* Supplied data:
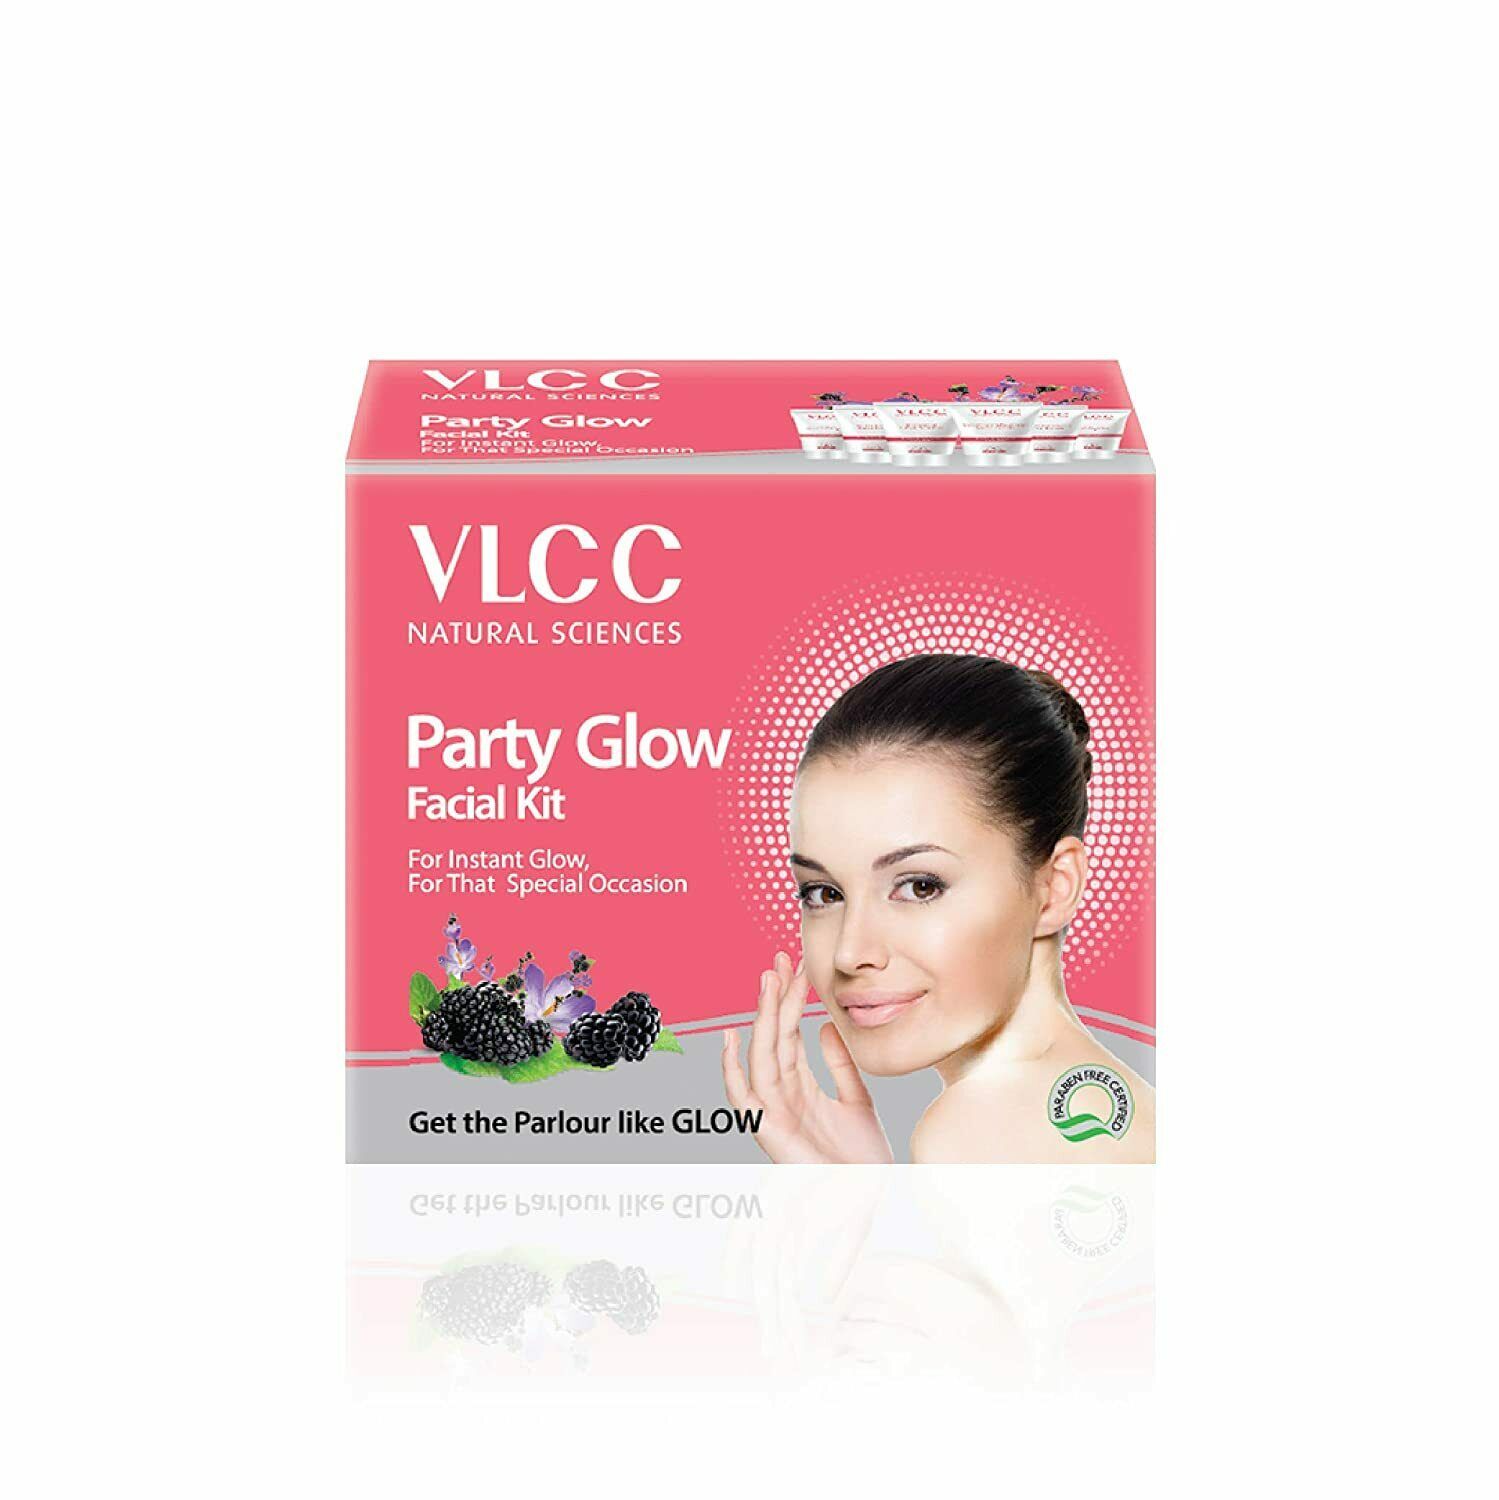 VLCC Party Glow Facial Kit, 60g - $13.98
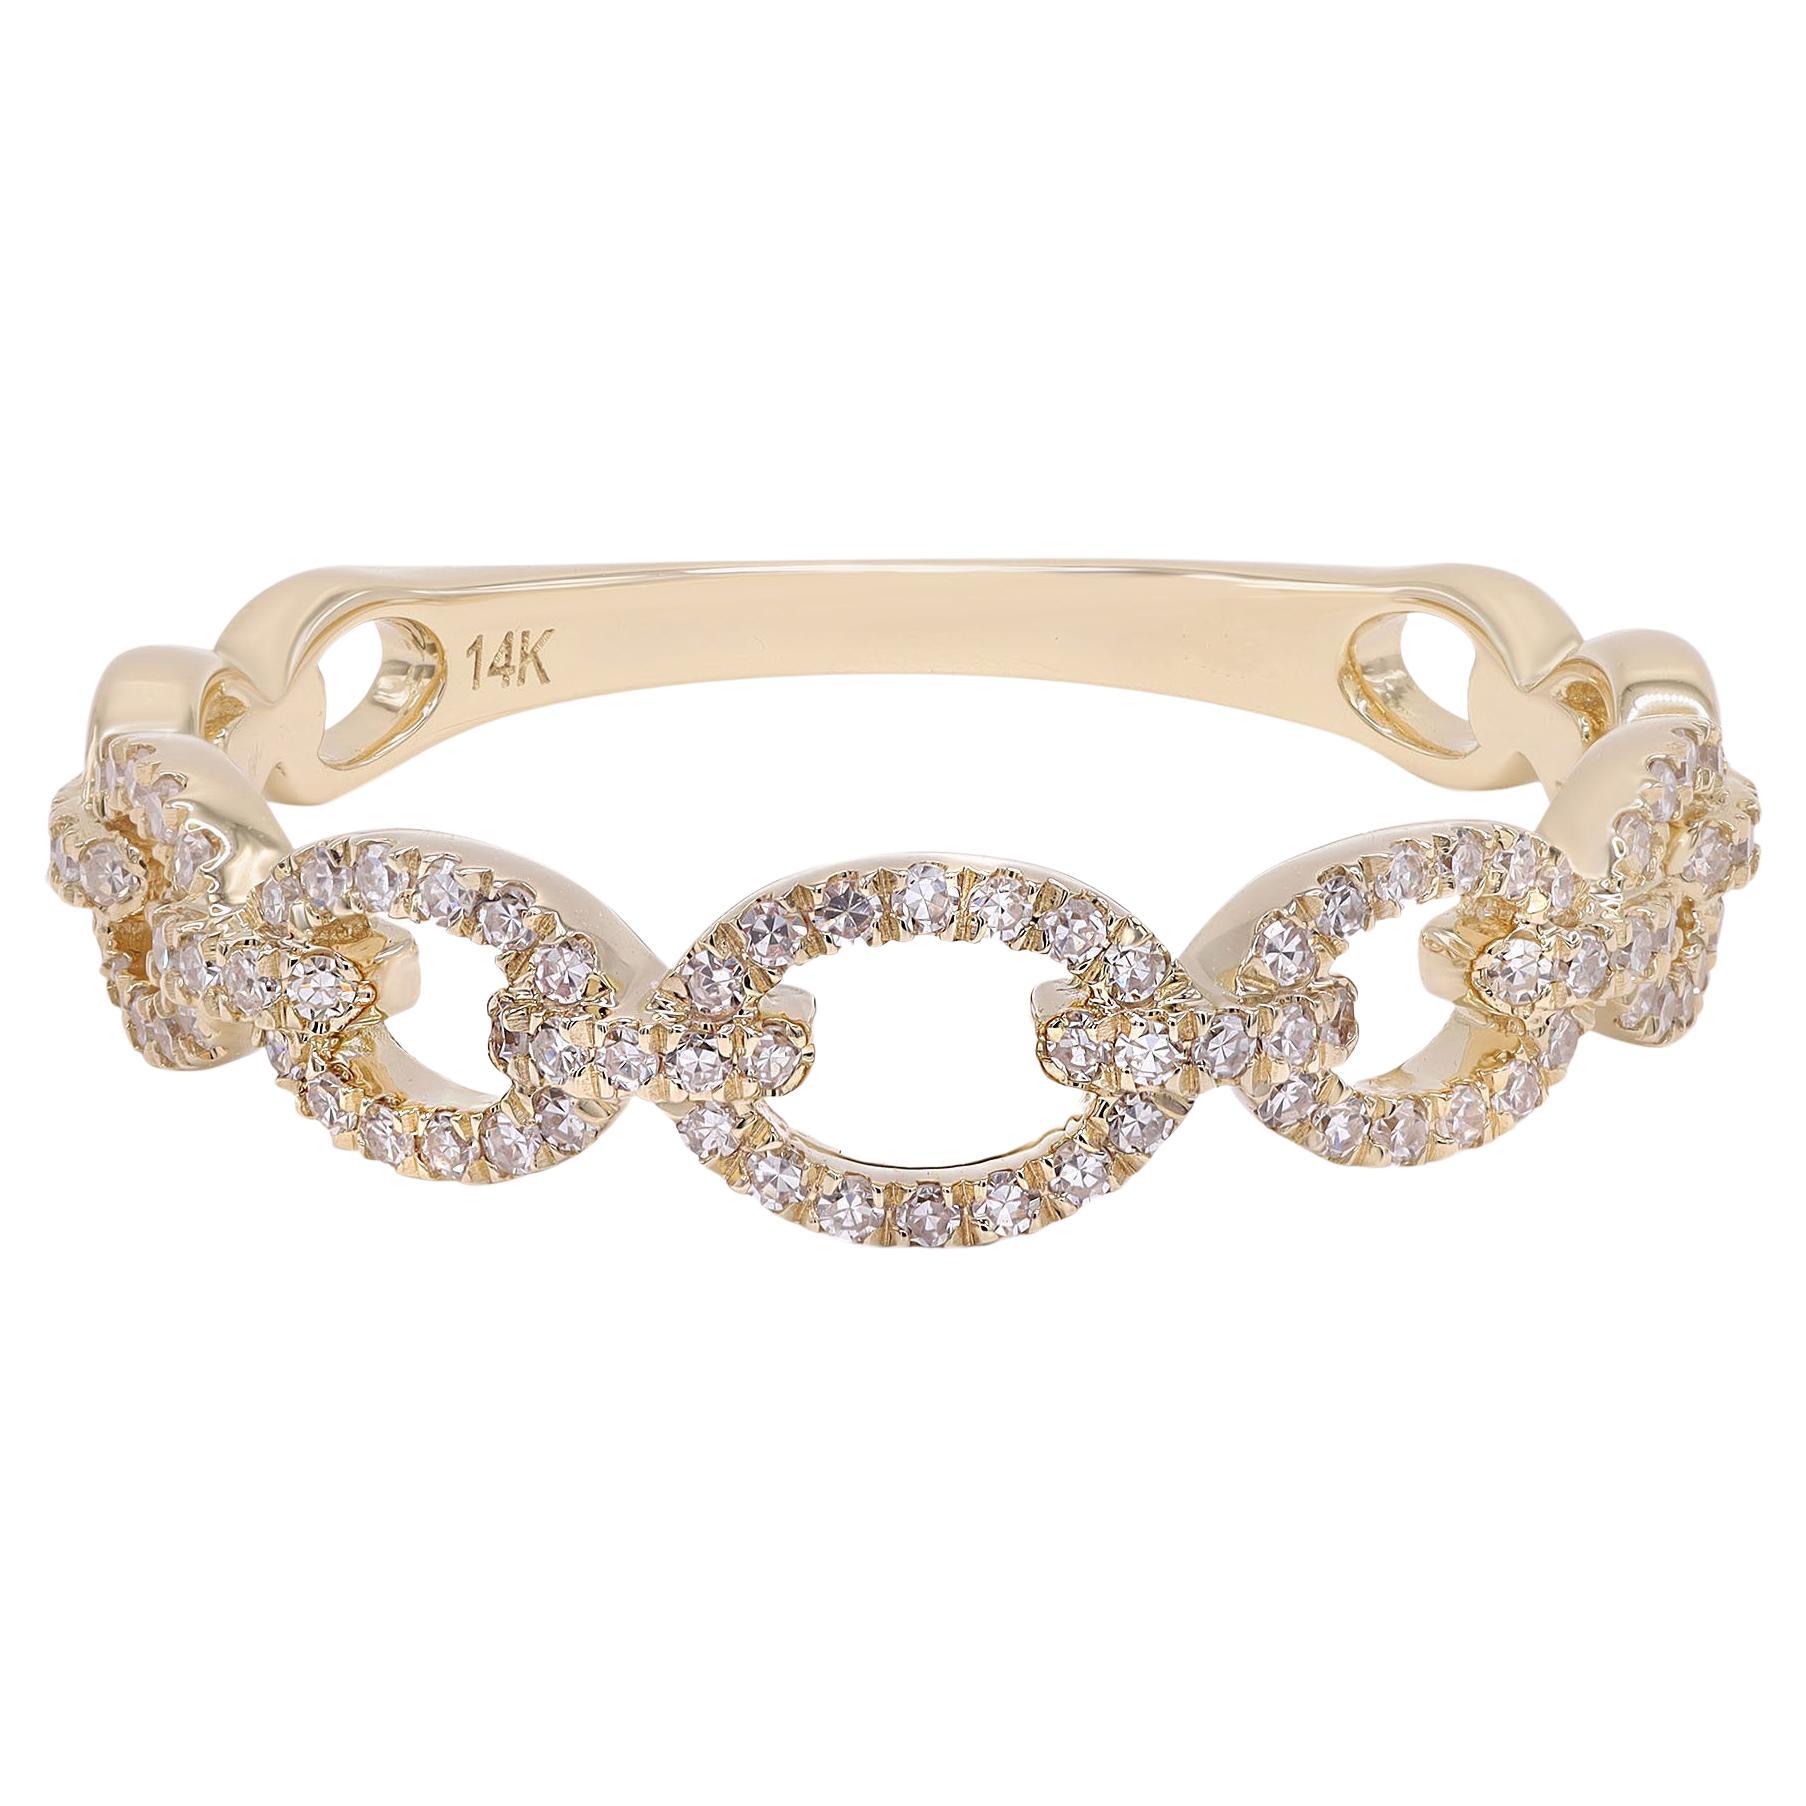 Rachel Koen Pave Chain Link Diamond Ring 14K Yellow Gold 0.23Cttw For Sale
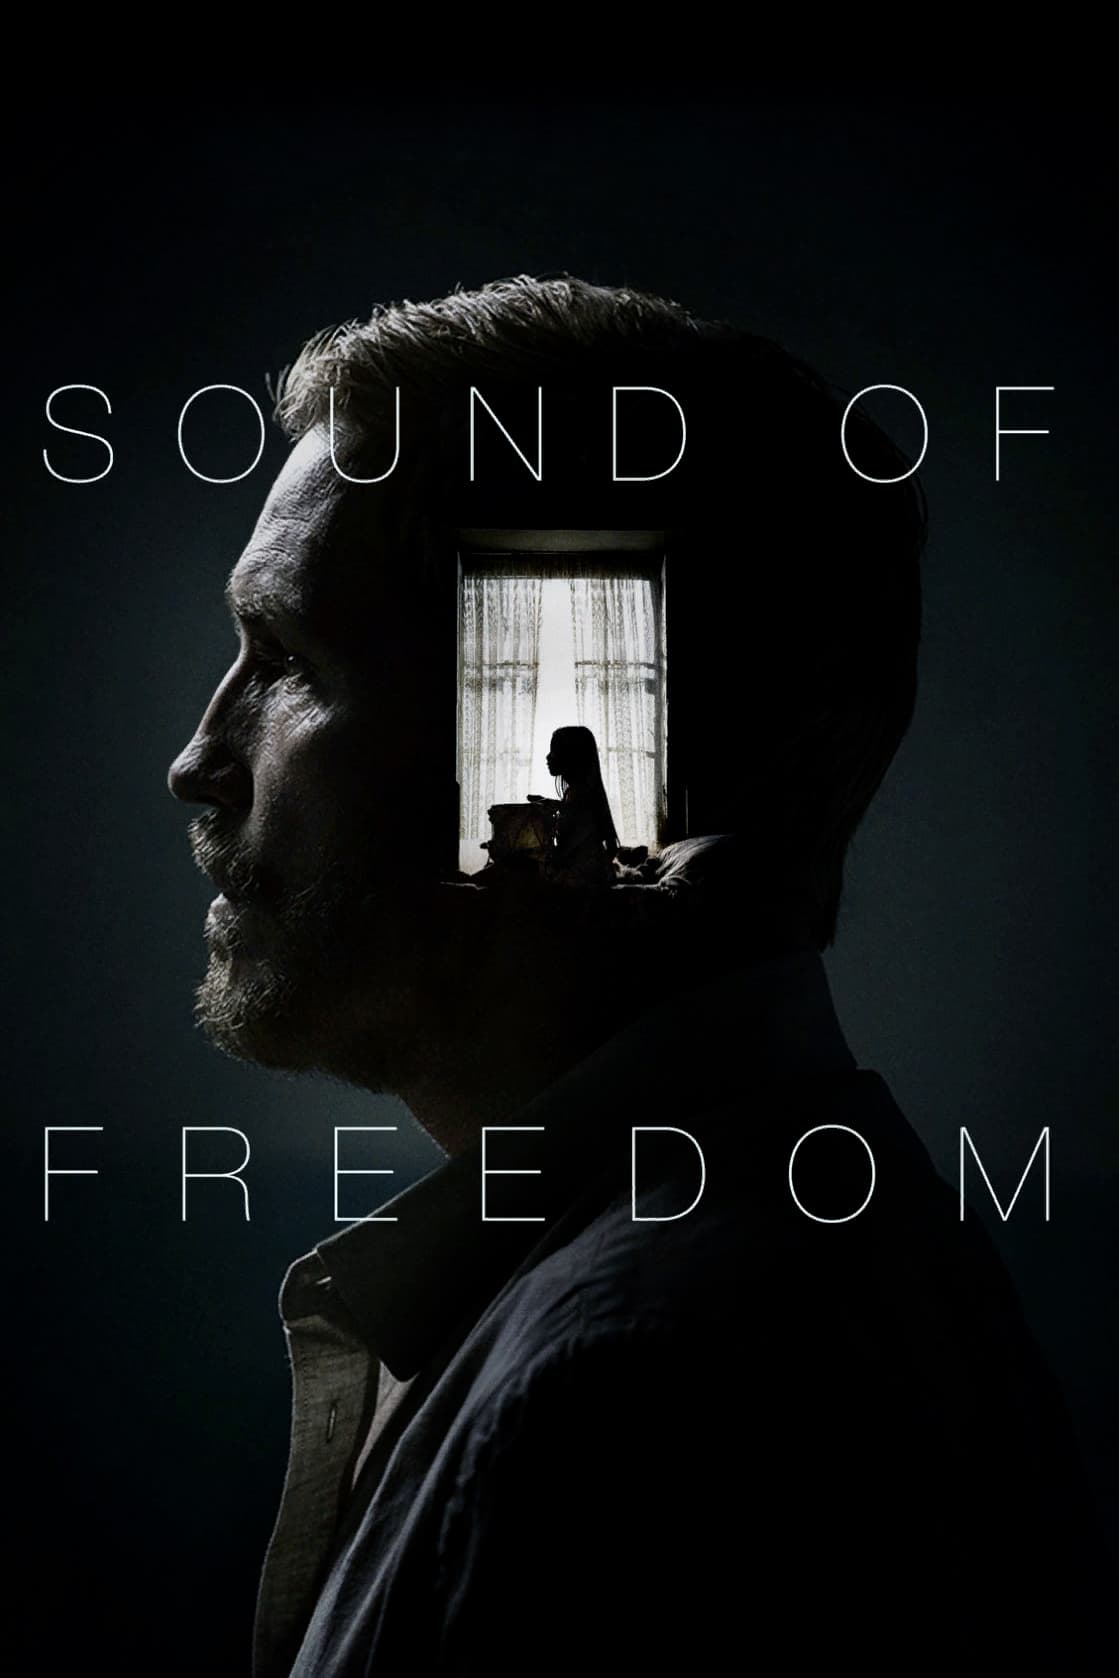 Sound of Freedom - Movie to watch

* What to do: Everything in the material above must be repeated exactly, apart from its pictures.

* Answer area:
 VLCC Party Glow Facial Kit, 60g - $13.98
 Rachel Koen Pave Chain Link Diamond Ring 14K Yellow Gold 0.23Cttw For Sale
 Sound of Freedom - Movie to watch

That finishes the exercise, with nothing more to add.